The Federal Circuit said that this was the incorrect legal standard. The test for indefiniteness is whether the claims, viewed in light of the specification and prosecution history, inform those skilled in the art about the scope of the invention with reasonable certainty. The Federal Circuit said that the test is not merely whether a claim is susceptible to differing interpretations, as such a test would render nearly every claim term indefinite so long as a party could manufacture a plausible construction. The Federal Circuit held that “configured to” does not render the claims indefinite.

Several of the claims included the limitation “means for generating” a paresthesia-free or non-paresthesia-producing therapy signal. The district court determined that there was not an adequate disclosure of a corresponding structure in the patent specification and sua sponte held the claims indefinite.
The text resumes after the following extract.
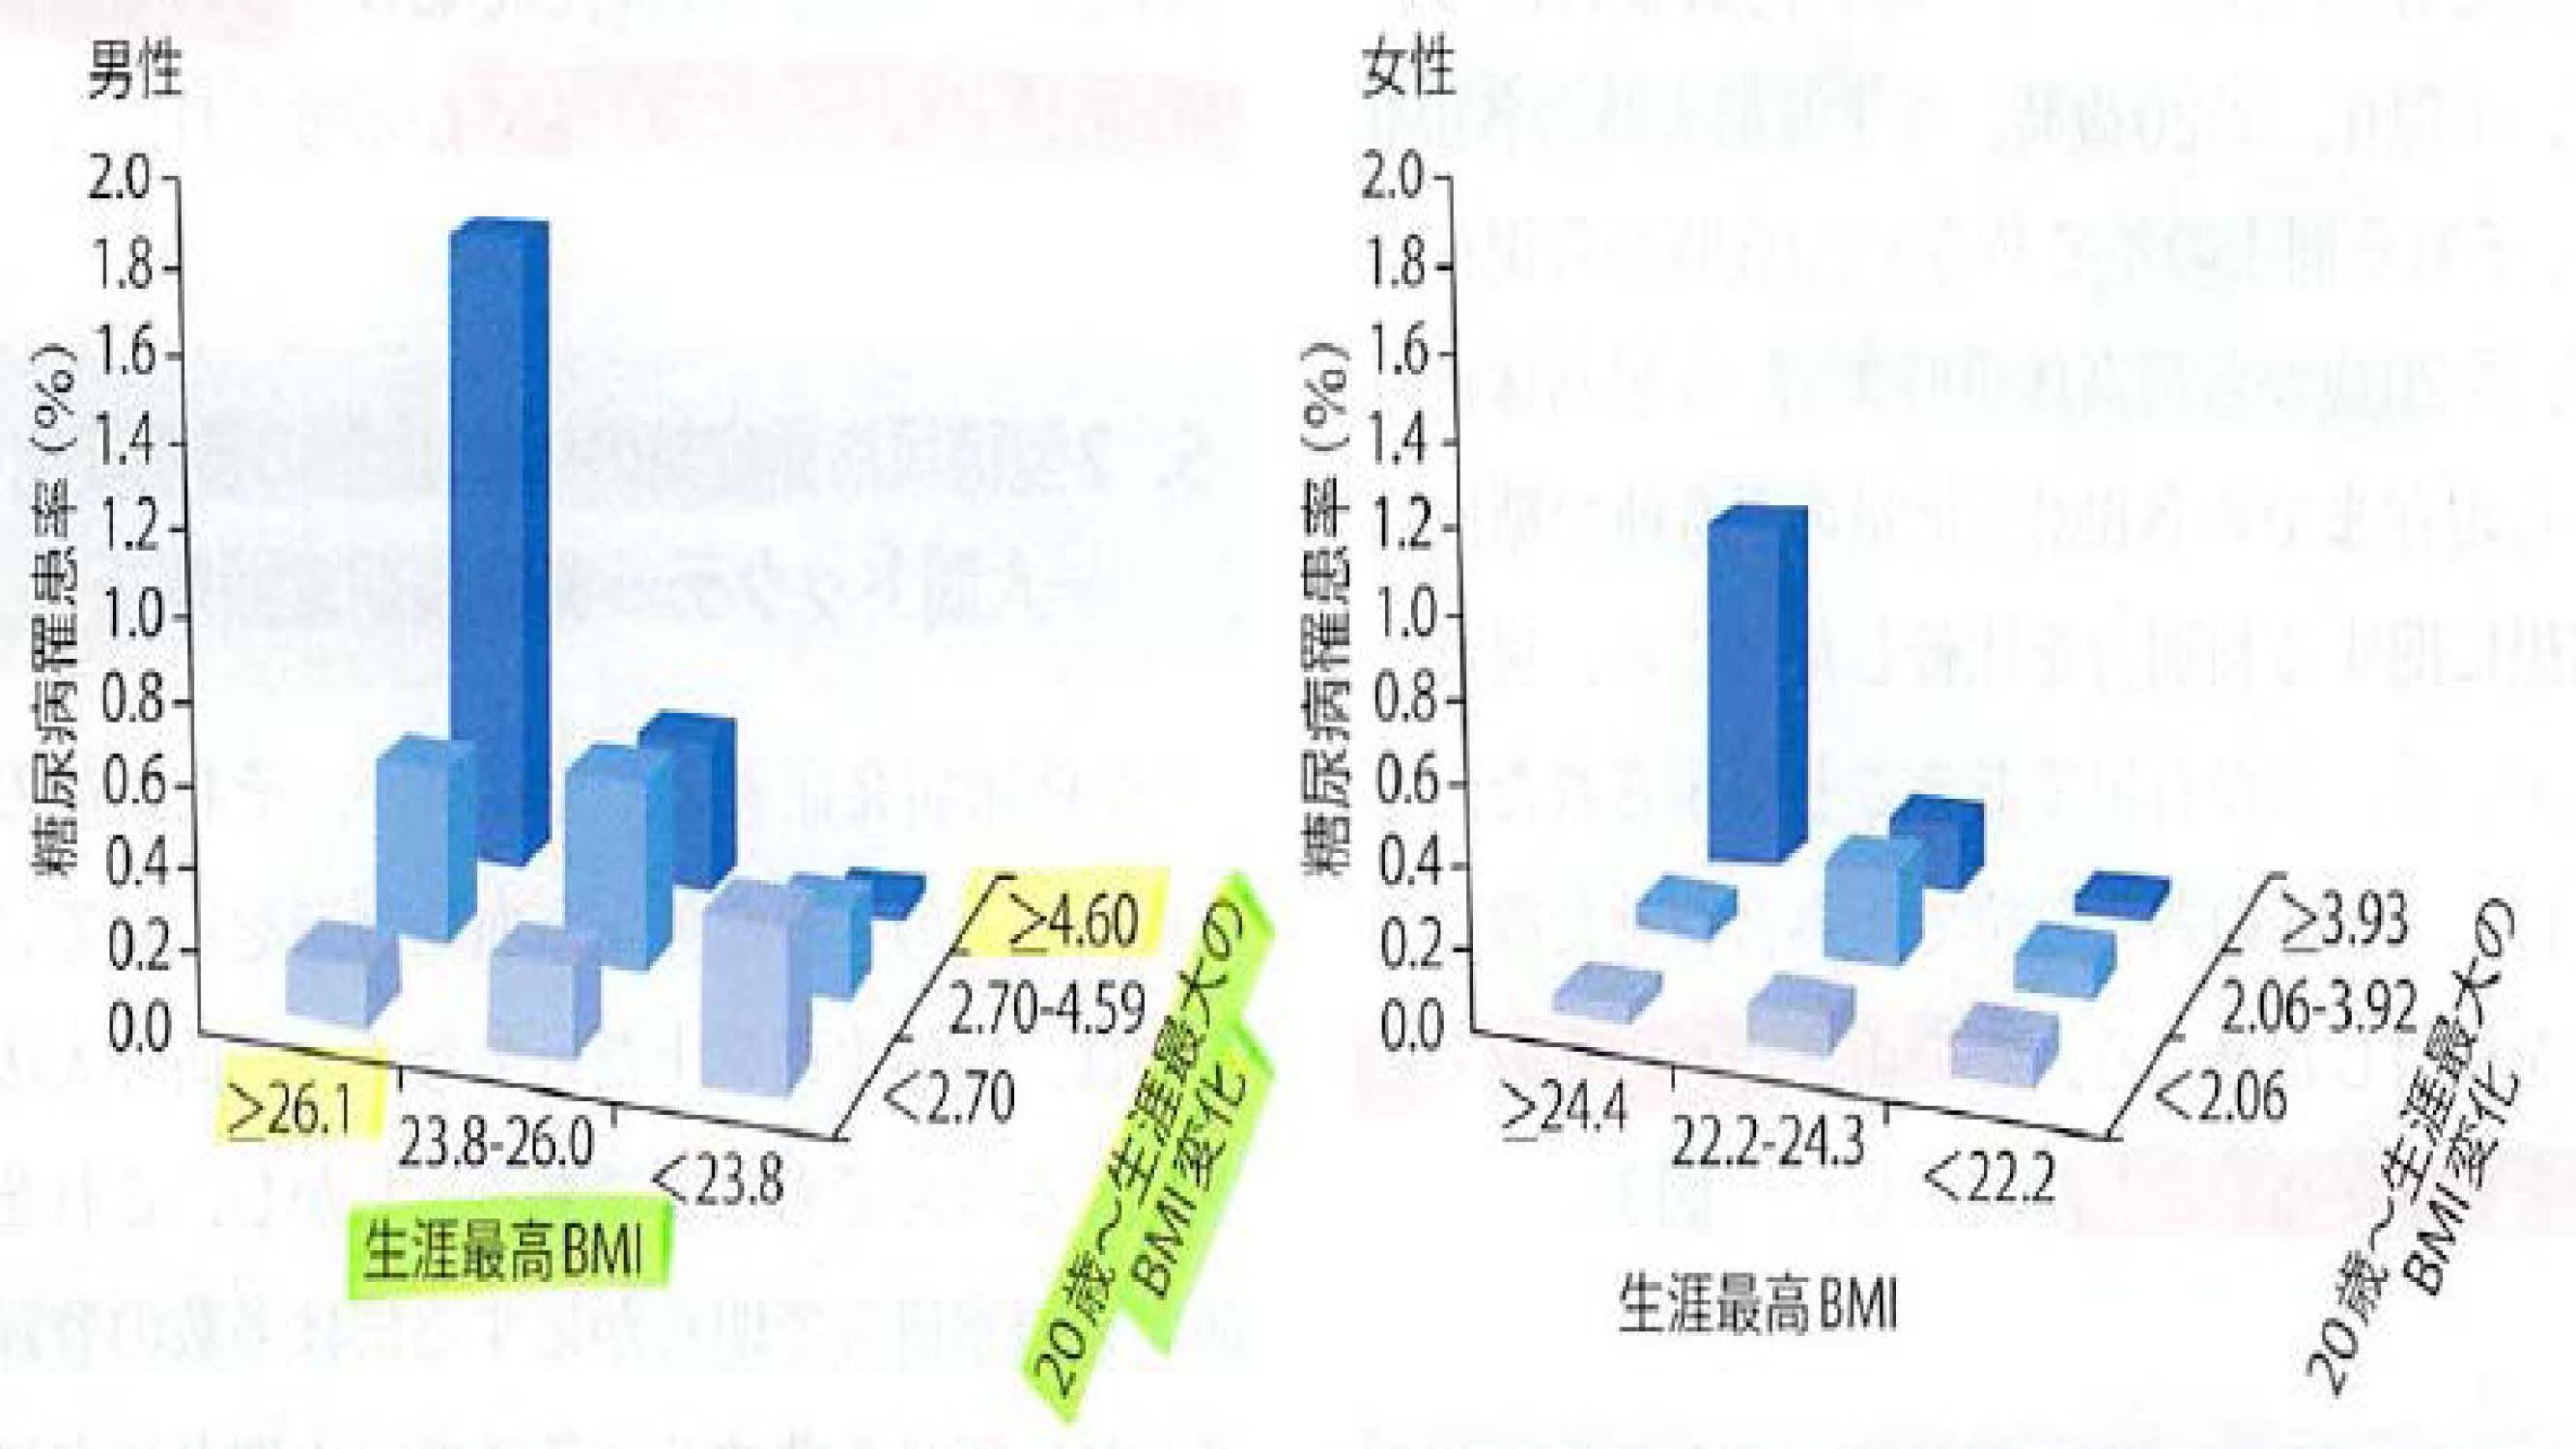 人生で最大値のBMI値 20歳時から最高体重時までのBMI値の変化量と糖尿病発症リスクの関連を示したグラフ

The Federal Circuit noted that the specification clearly recites a signal or pulse generator, not a general-purpose computer or processor, as the structure for the claimed “generating” function. The Federal Circuit furtner noted that the specification teaches further how to configure the signal generators to generate and deliver the claimed signals using the recited parameters, clearly linking the structure to the recited function. The Federal Circuit reversed the finding of indefiniteness.
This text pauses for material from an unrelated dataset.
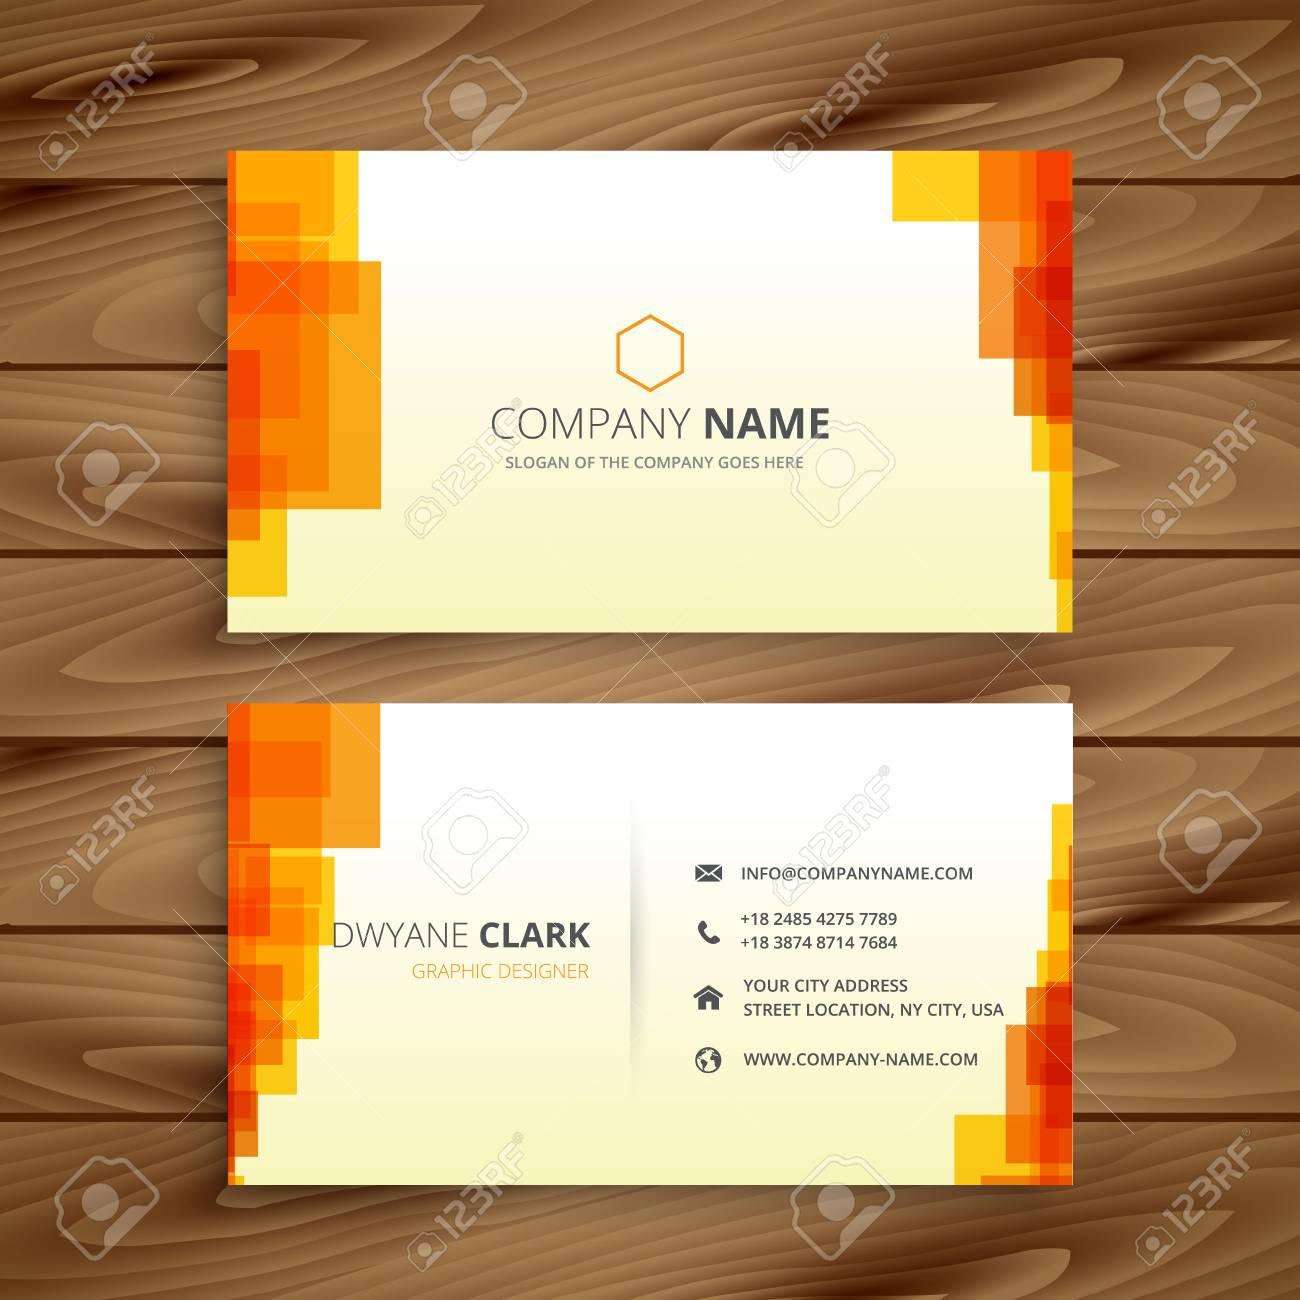 Orange Carte De Visite Pixelise Banque Dimages

Finally, all but four of the claims used the term “therapy signal,” which the district court construed as an “electrical impulse” or “electrical signal,” but which the patent owner argued meant “a spinal cord stimulation or modulation signal to treat pain.”

The Federal Circuit disagreed that the specification met the exacting standard of define “therapy signal” as the Federal Circuit found. The Federal Circuit also rejected the argument that the language was indefinite, holding that the fact that a signal does not provide pain relief in all circumstances does not render the claims indefinite. The Federal Circuit held that the district court incorrectly construed the claim, but correctly determined that the claim was not indefinite.